Он усмехнулся, нисколько не обидевшись.
— Вы хотя бы разговариваете со мной нормально. Директор, когда со мной беседует, все время улыбается, как врач душевнобольному.
Я не сдержал короткий смешок.
— Он сказал, что я волшебник. Это шутка?
— Нет. Вы же сами видели, как волшебная палочка реагирует на ваш магический потенциал. Вы можете колдовать, вы просто забыли, как это делается.
— Да, директор говорил, просто все это в голове не укладывается. А тогда, когда вы приходили в прошлый раз, вы на самом деле читали мои мысли?
— Можно сказать и так. — Я не стал повторять свою прошлогоднюю лекцию о легилименции.
— Это было… как будто мозги вывернули наизнанку, и ничего-ничего нельзя скрыть.
— Когда с вами произошел этот… несчастный случай, я учил вас защищать сознание от проникновения извне. Вы делали успехи, — нехотя признал я.
— Я так понял, этот Хогвартс — школа-пансионат. А где я живу в остальное время? У меня же должны быть родители. И они что, тоже волшебники?
Дамблдор не сказал ему. Черт. Ладно, попробуем пока обойтись без Волдеморта.
— Ваши родители погибли, когда вам был год.
— А…
— Они были сильными магами.
— Странно слышать о смерти людей, которых не знал.

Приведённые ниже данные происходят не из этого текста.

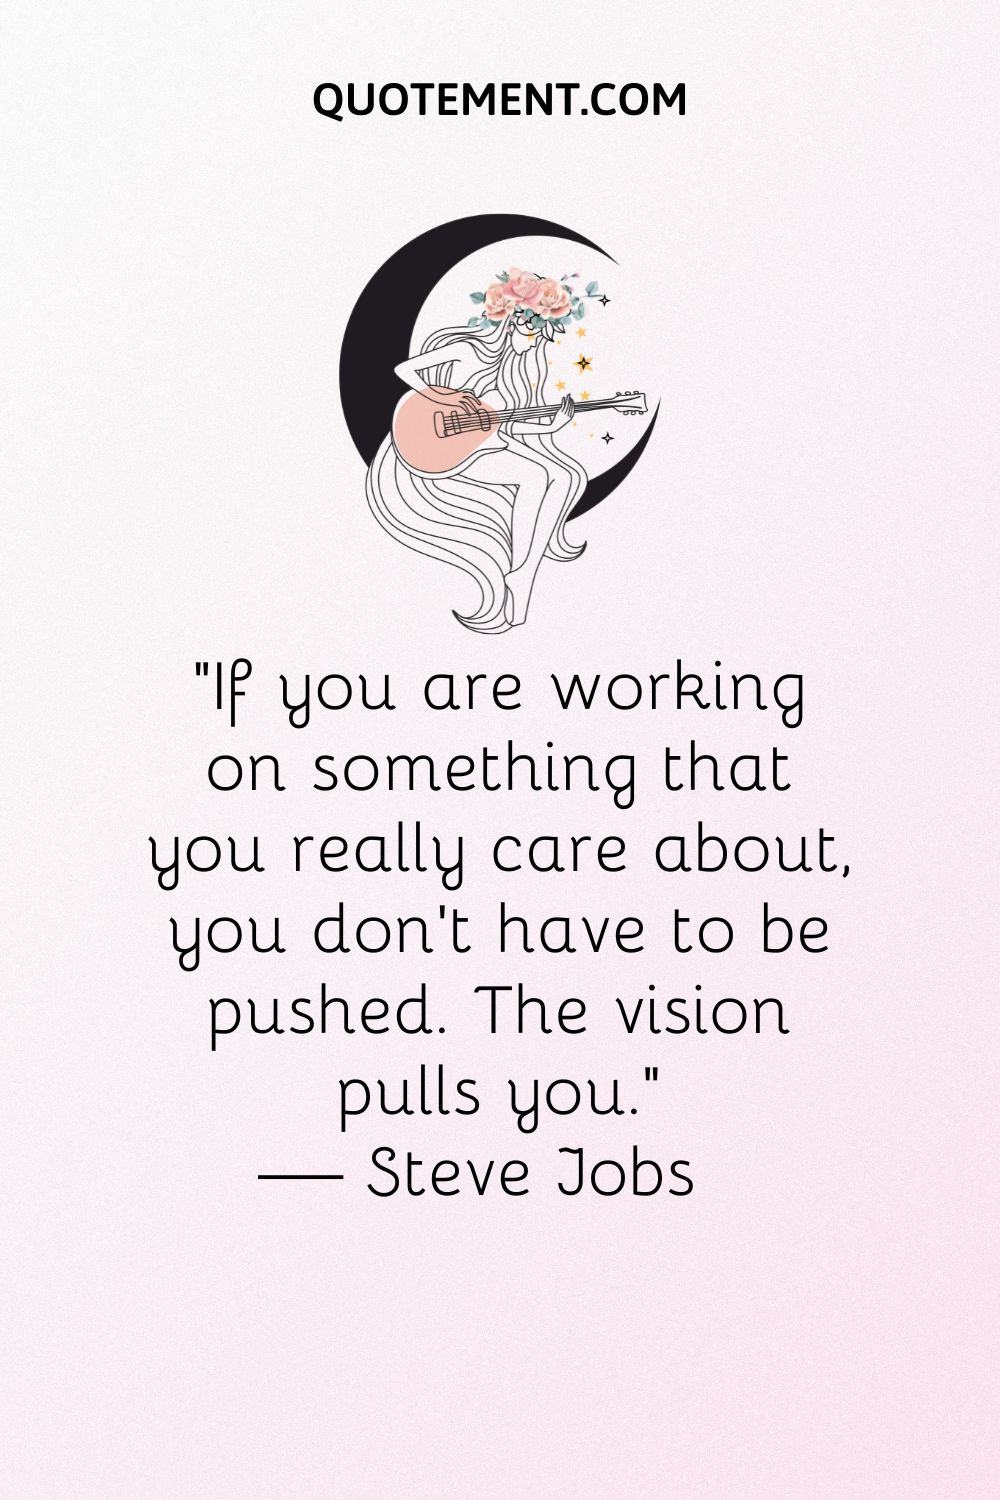 “If you are working on something that you really care about, you don’t have to be pushed. The vision pulls you.” — Steve Jobs

Поттер ненадолго умолк, но вскоре поток вопросов возобновился. Он расспрашивал меня обо всем, что имело отношение к его жизни, в типично подростковой манере перескакивая с одного предмета разговора на другой. Было непонятно, о чем тогда они беседовали с Дамблдором.
В палату заглянула колдомедик и сообщила, что время посещений истекло. Это значило, что мы проговорили почти два часа.
— Что ж, выздоравливайте, Поттер, — сказал я и поднялся уходить.
— Профессор? — робко позвал он, когда я был уже у двери.
Я обернулся.
— Приходите еще. Если, конечно, я не уморил вас своими расспросами.
Я удивил себя тем, что кивнул в ответ.
* * *
Я и сам не заметил, как у меня вошло в привычку навещать мальчишку каждый день. Первое время меня ужасно раздражало его неисправимое дружелюбие, но потом я решил, что такого Поттера — лишенного наглости и самодовольства — вполне могу вынести.
Впервые за эти годы мне показалось странным, что я, взрослый человек, так слепо ненавидел своего ученика-подростка. Ненавидеть можно равного себе, а Поттер и я — мы были в разных весовых категориях. Да, мальчишка обладал мощным магическим потенциалом, даже я это признавал, но он ведь был почти ребенком.
К несчастью, тогда, во время урока окклюменции, я забыл об этом.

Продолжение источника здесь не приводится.